Simulate an existing dataframe

Produces a data table with the same distributions and correlations as an existing data table Only returns numeric columns and simulates all numeric variables from a continuous normal distribution (for now).

Usage

sim_df(
  data,
  n = 100,
  within = c(),
  between = c(),
  id = "id",
  dv = "value",
  empirical = FALSE,
  long = FALSE,
  seed = NULL,
  missing = FALSE,
  sep = faux_options("sep")
)

Arguments

data: the existing tbl
n: the number of samples to return per group
within: a list of the within-subject factor columns (if long format)
between: a list of the between-subject factor columns
id: the names of the column(s) for grouping observations
dv: the name of the DV (value) column
empirical: Should the returned data have these exact parameters? (versus be sampled from a population with these parameters)
long: whether to return the data table in long format
seed: DEPRECATED use set.seed() instead before running this function
missing: simulate missing data?
sep: separator for factor levels

Value

a tbl

Details

See vignette("sim_df", package = "faux") for details.

Examples

iris100 <- sim_df(iris, 100)
iris_species <- sim_df(iris, 100, between = "Species")

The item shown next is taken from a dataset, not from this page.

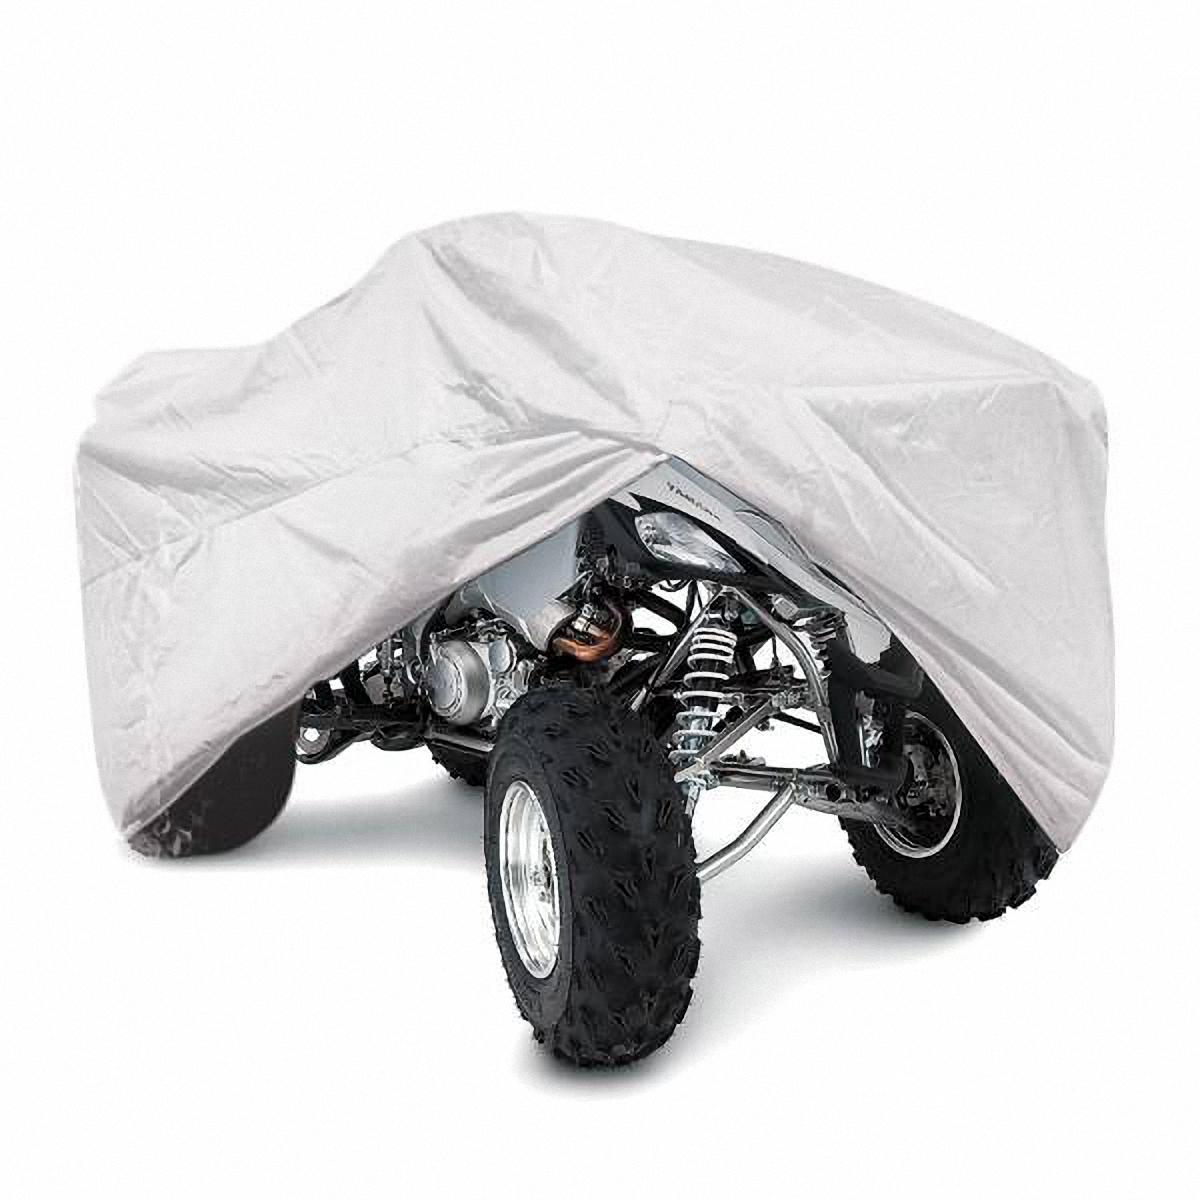 Тент на квадроцикл Skyway, 218 х 120 х 85 см. Размер LS04403002Тент на квадроцикл позволит защитить кузов Вашего транспортного средства от коррозии и загрязнений во время хранения или транспортировки, а Вас избавит от необходимости его частого мытья.Чехол-тент предохраняет лакокрасочное покрытие кузова, детали и фары Вашего квадроцикла от воздействия прямых солнечных лучей и неблагоприятных погодных условий, загрязнений. Легко и быстро надевается на квадроцикл, не царапая и не повреждая его.Основные характеристики чехла-тента SKYWAY:Изготовлен из высококачественного полиэстера.В передней и задней части тента вшиты резинки, стягивающие его нижний край под передним и задним бамперами.Обладает высокой влаго- и износостойкостью.Обладает светоотражающими и пылезащитными свойствами.Выдерживает как низкие, так и высокие температуры.Воздухопроницаемый материал.Состав: полиэстер.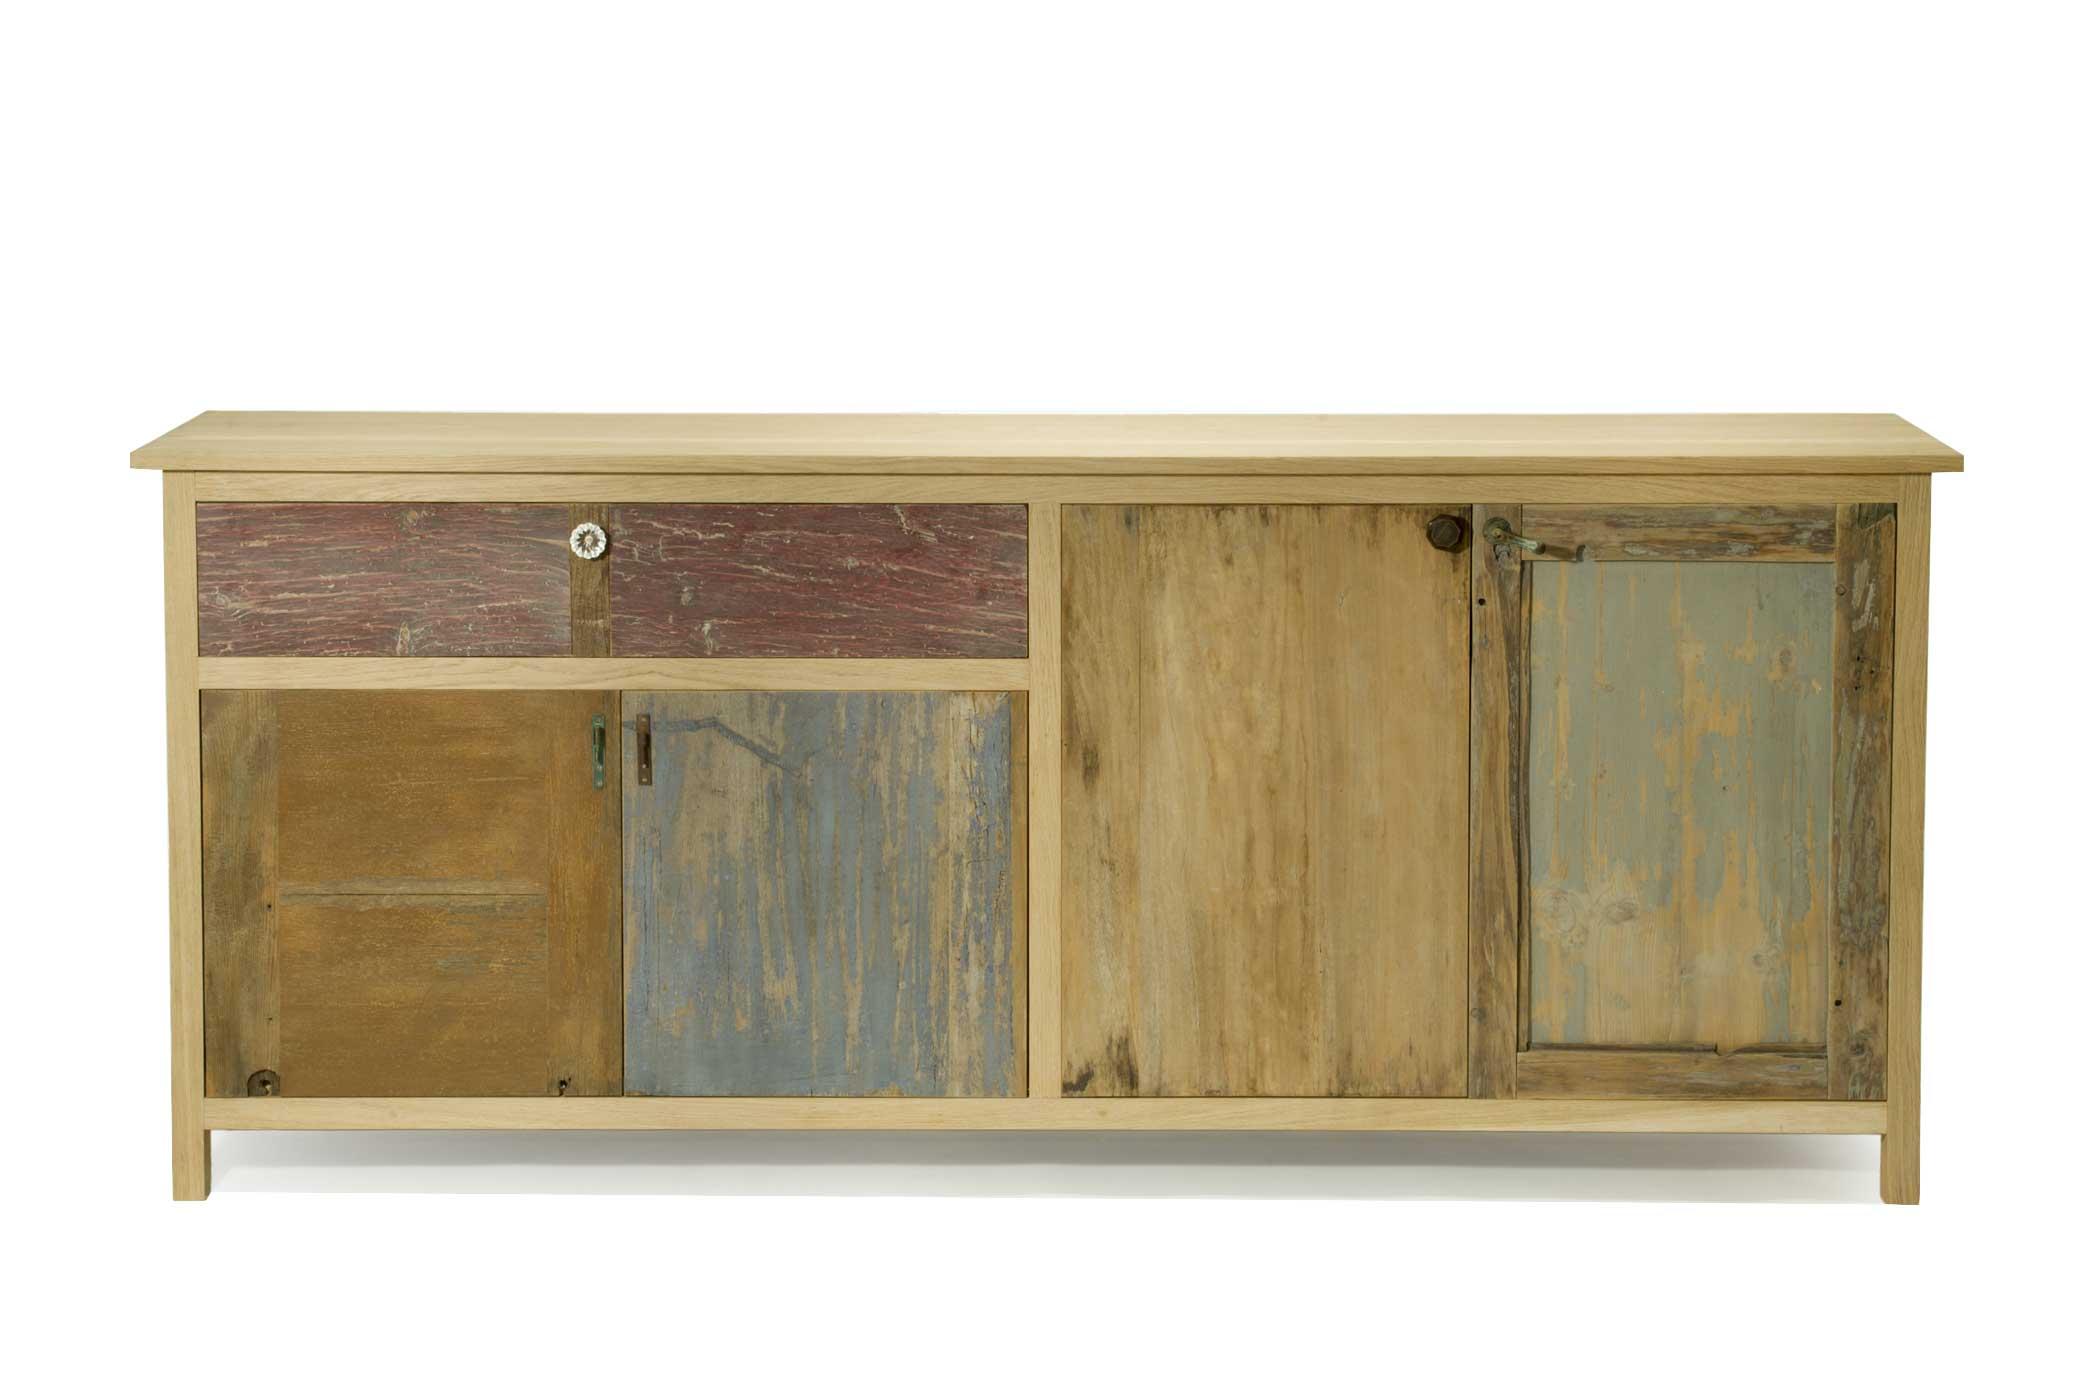 Credenza artigianale in legno naturale e cassetti e sportelli in legno di recupero rigenerato

# set the names of within factors and (the separator character) 
# if you want to return a long version
longdf <- sim_df(iris, 
                 between = "Species", 
                 within = c("type", "dim"),
                 sep = ".",
                 long = TRUE)
                 
# or if you are simulating data from a table in long format
widedf <- sim_df(longdf, 
                 between = "Species", 
                 within = c("type", "dim"),
                 sep = ".")